• Supplied data

···

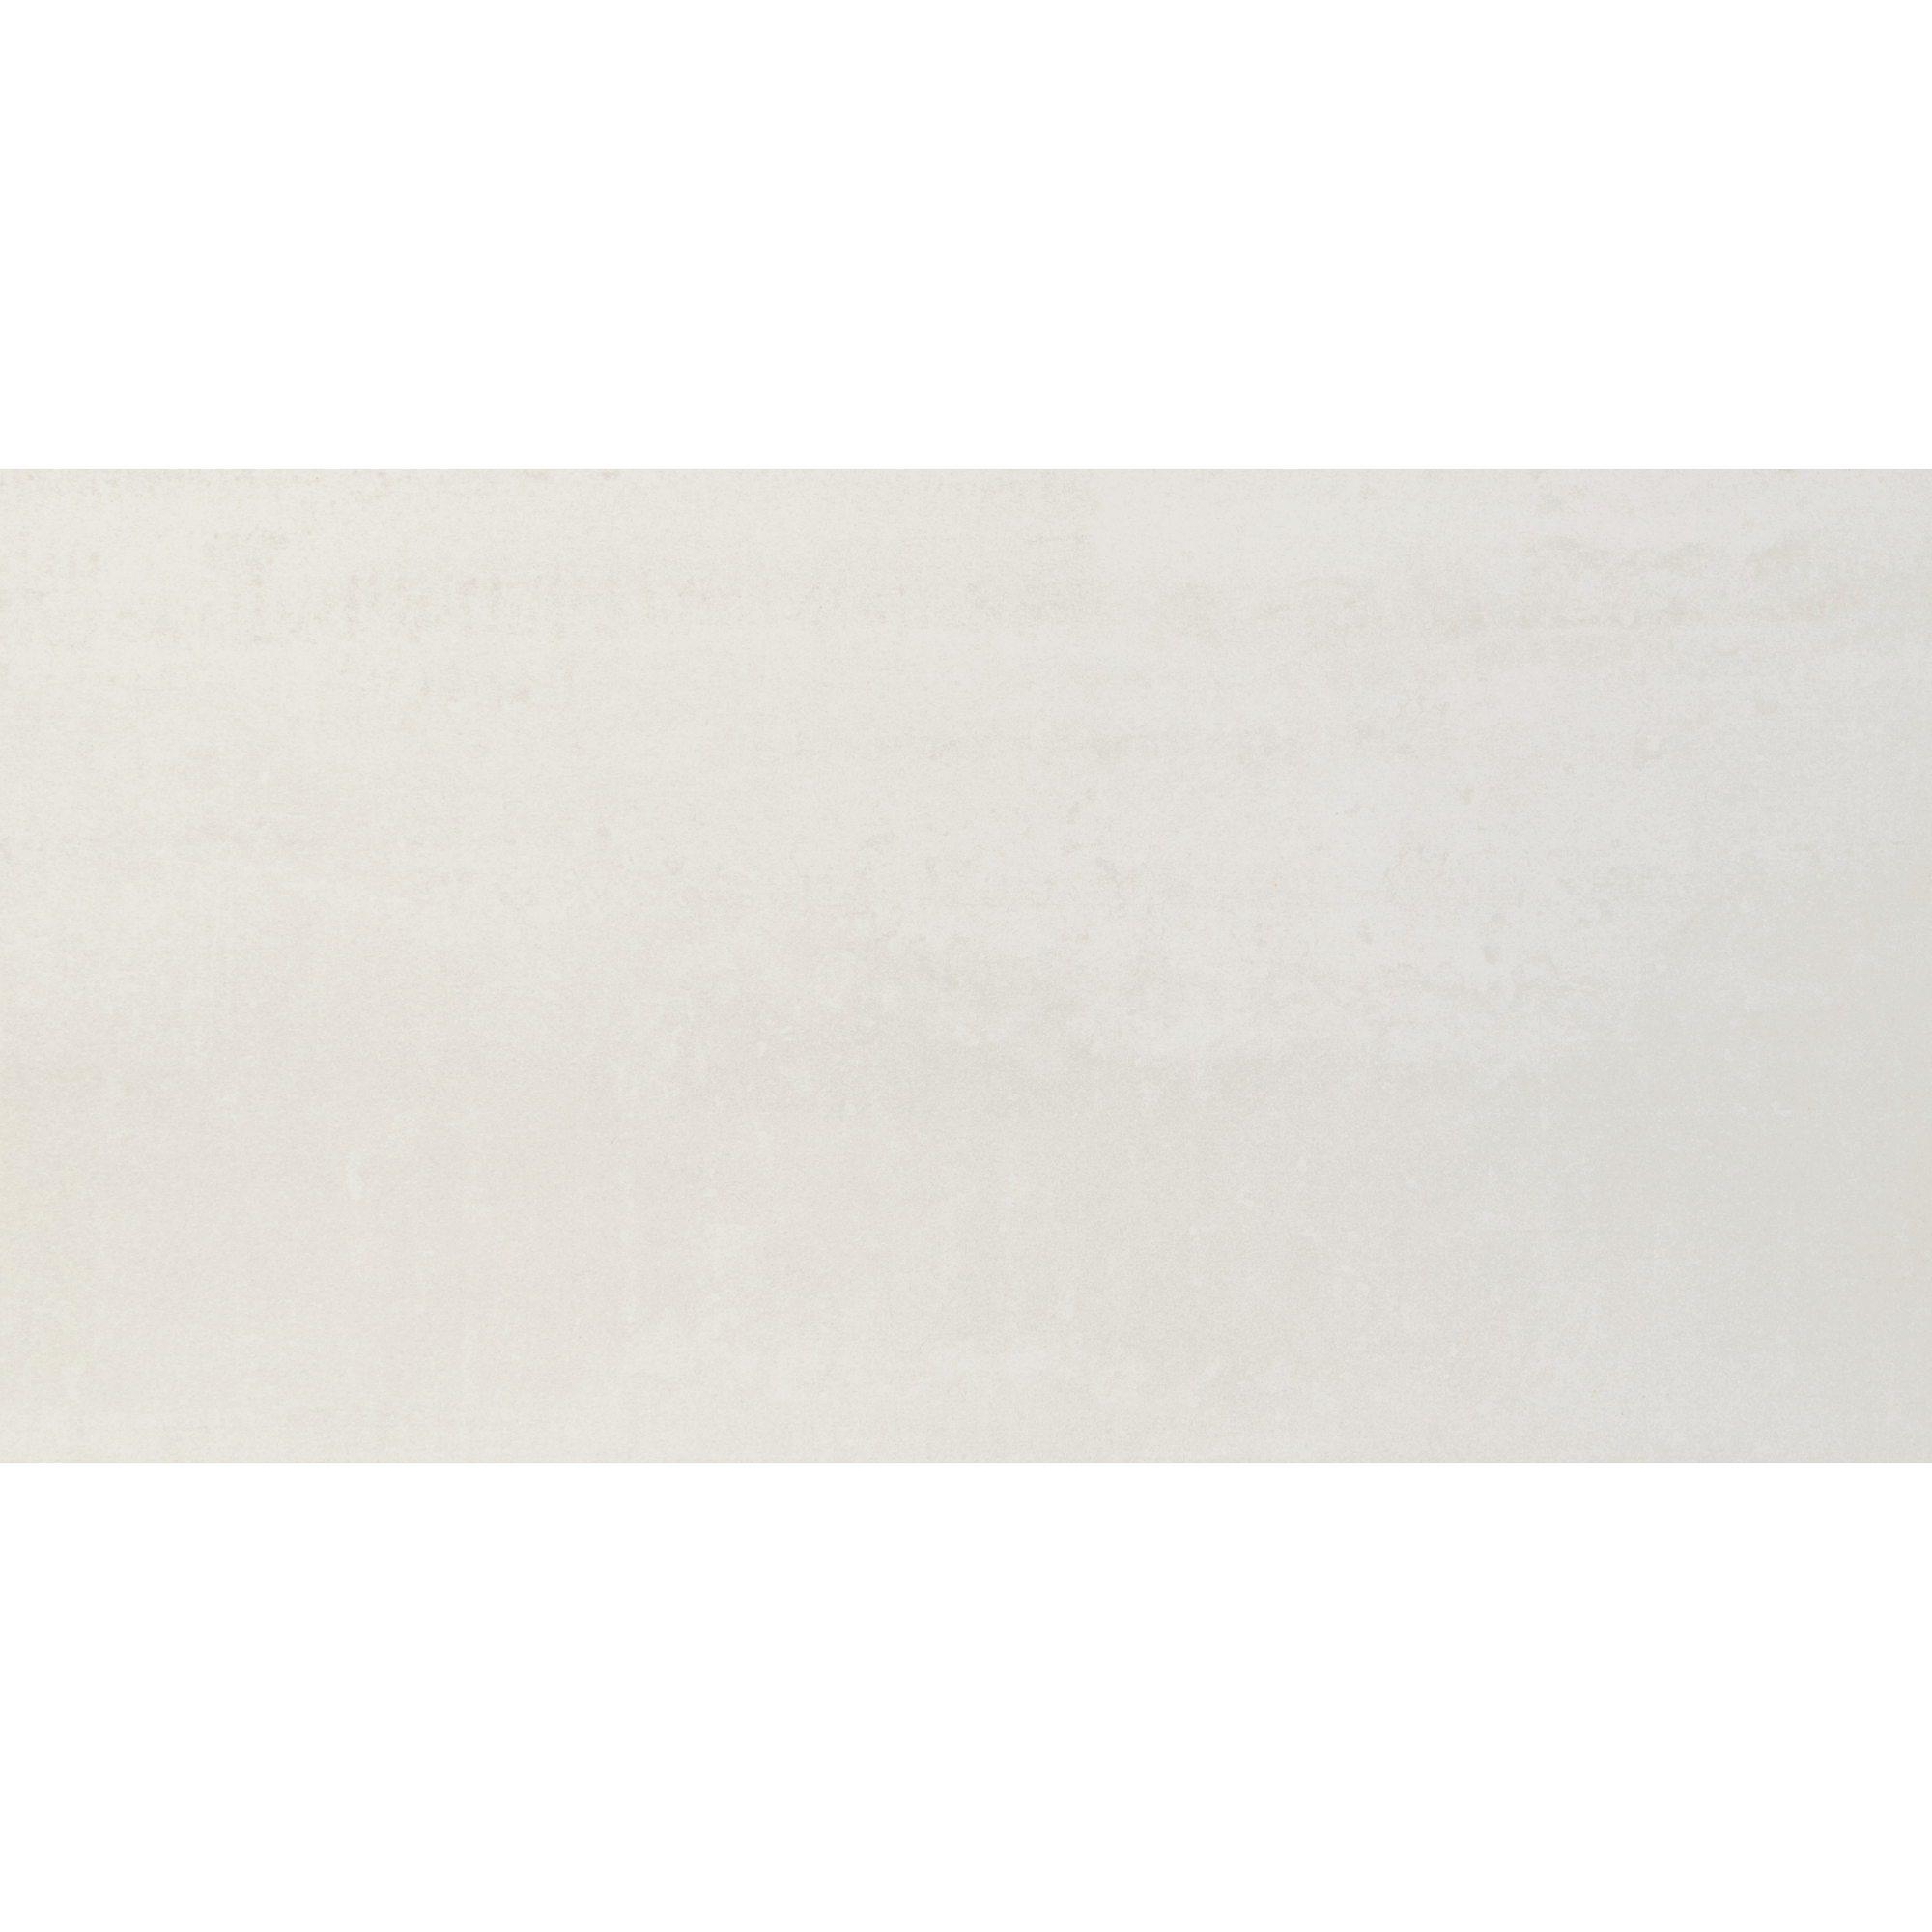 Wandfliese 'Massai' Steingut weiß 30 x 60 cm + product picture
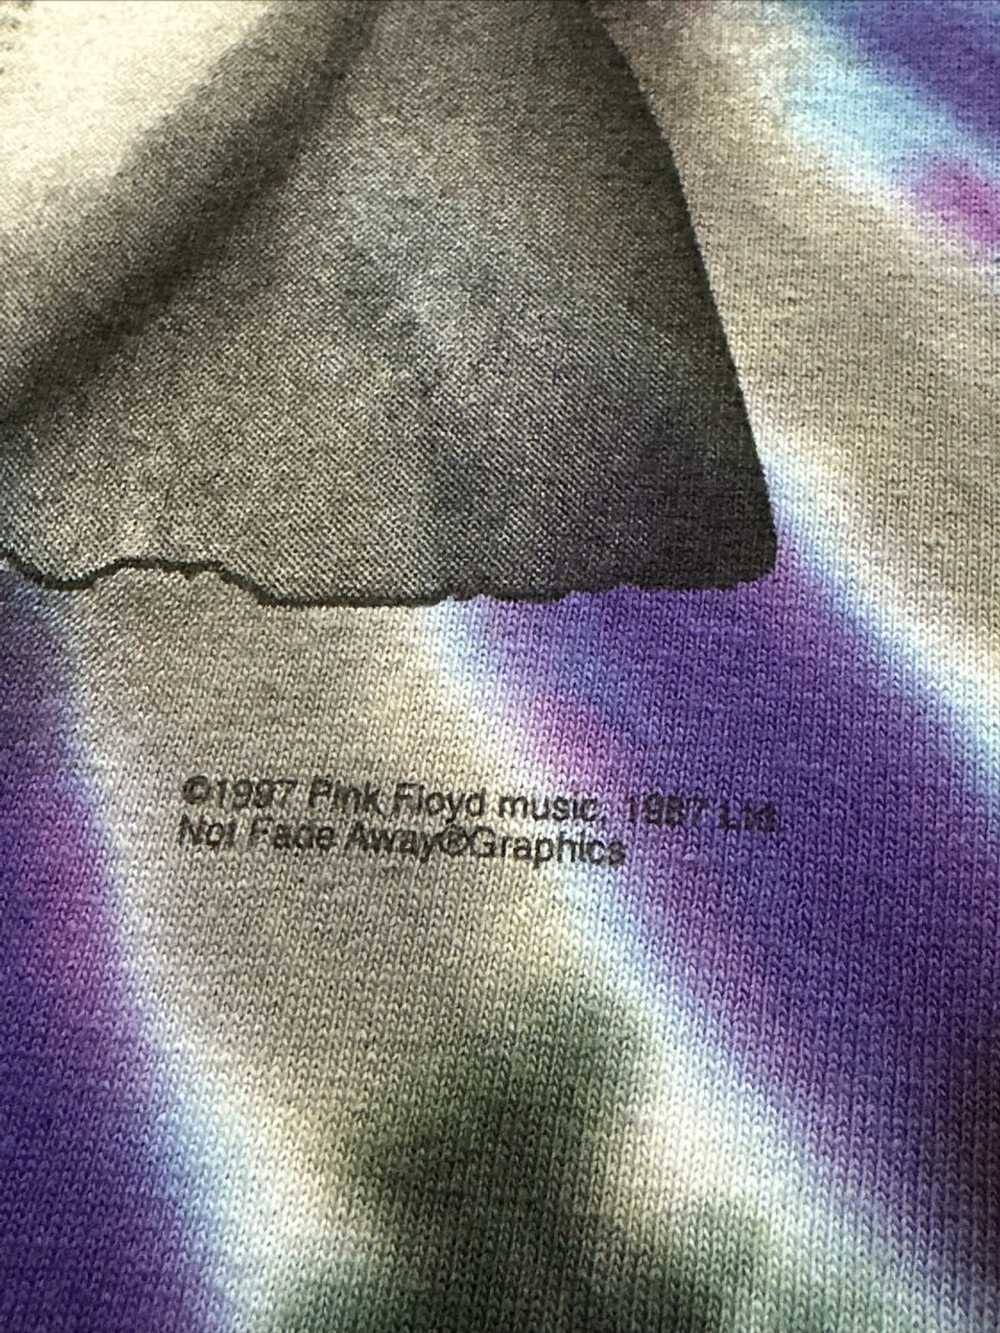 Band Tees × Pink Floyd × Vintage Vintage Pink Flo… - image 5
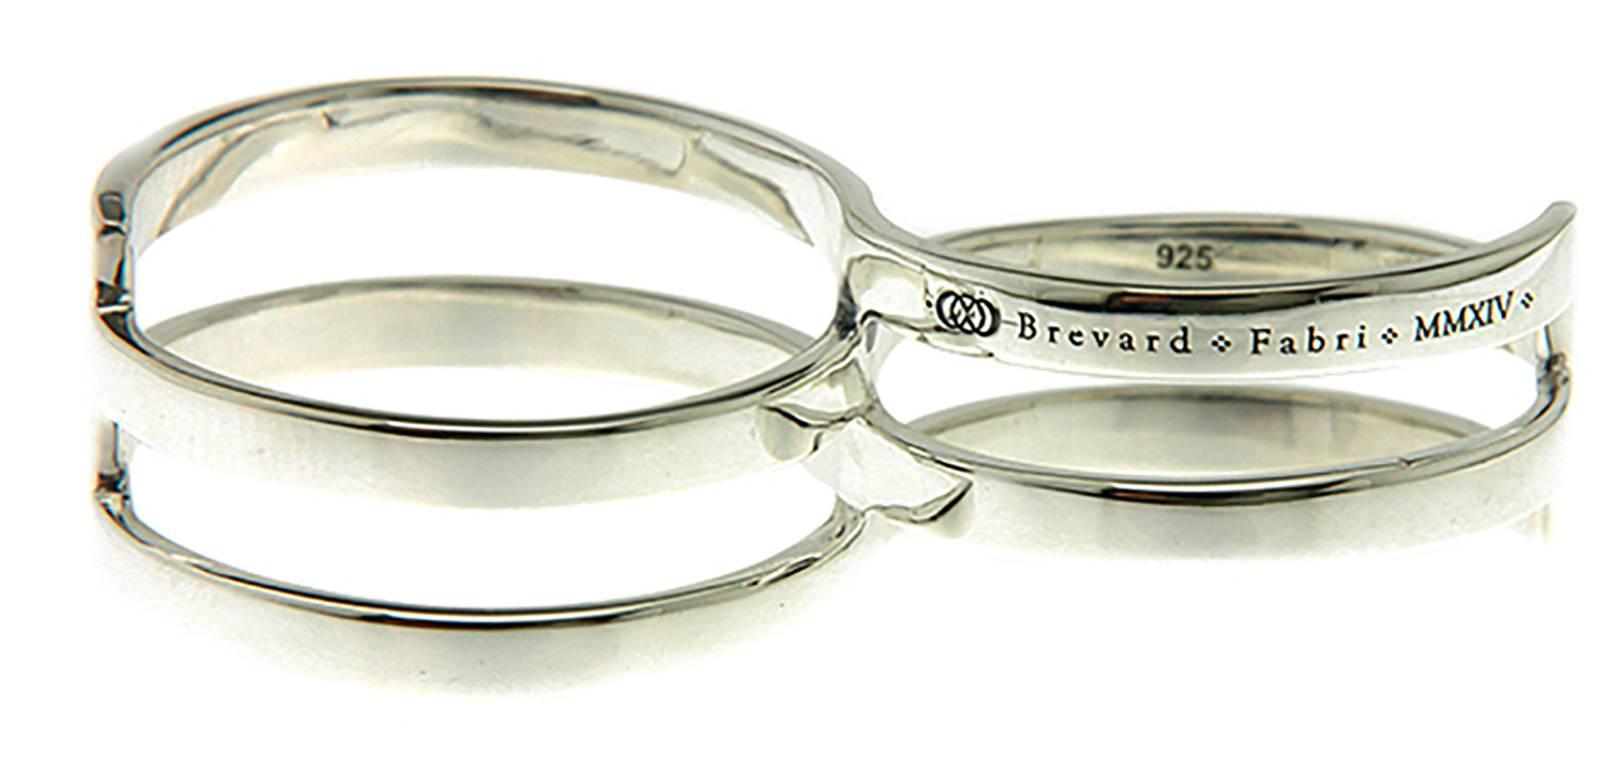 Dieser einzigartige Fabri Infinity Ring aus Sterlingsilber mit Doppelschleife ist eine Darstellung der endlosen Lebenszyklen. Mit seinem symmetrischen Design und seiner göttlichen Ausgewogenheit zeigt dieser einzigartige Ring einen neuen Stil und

···

• Work request
Once the pictures have been removed, reproduce each line of the material above exactly.

• Output for this task
 Wandfliese 'Massai' Steingut weiß 30 x 60 cm + product picture
 Band Tees × Pink Floyd × Vintage Vintage Pink Flo… - image 5
 Dieser einzigartige Fabri Infinity Ring aus Sterlingsilber mit Doppelschleife ist eine Darstellung der endlosen Lebenszyklen. Mit seinem symmetrischen Design und seiner göttlichen Ausgewogenheit zeigt dieser einzigartige Ring einen neuen Stil und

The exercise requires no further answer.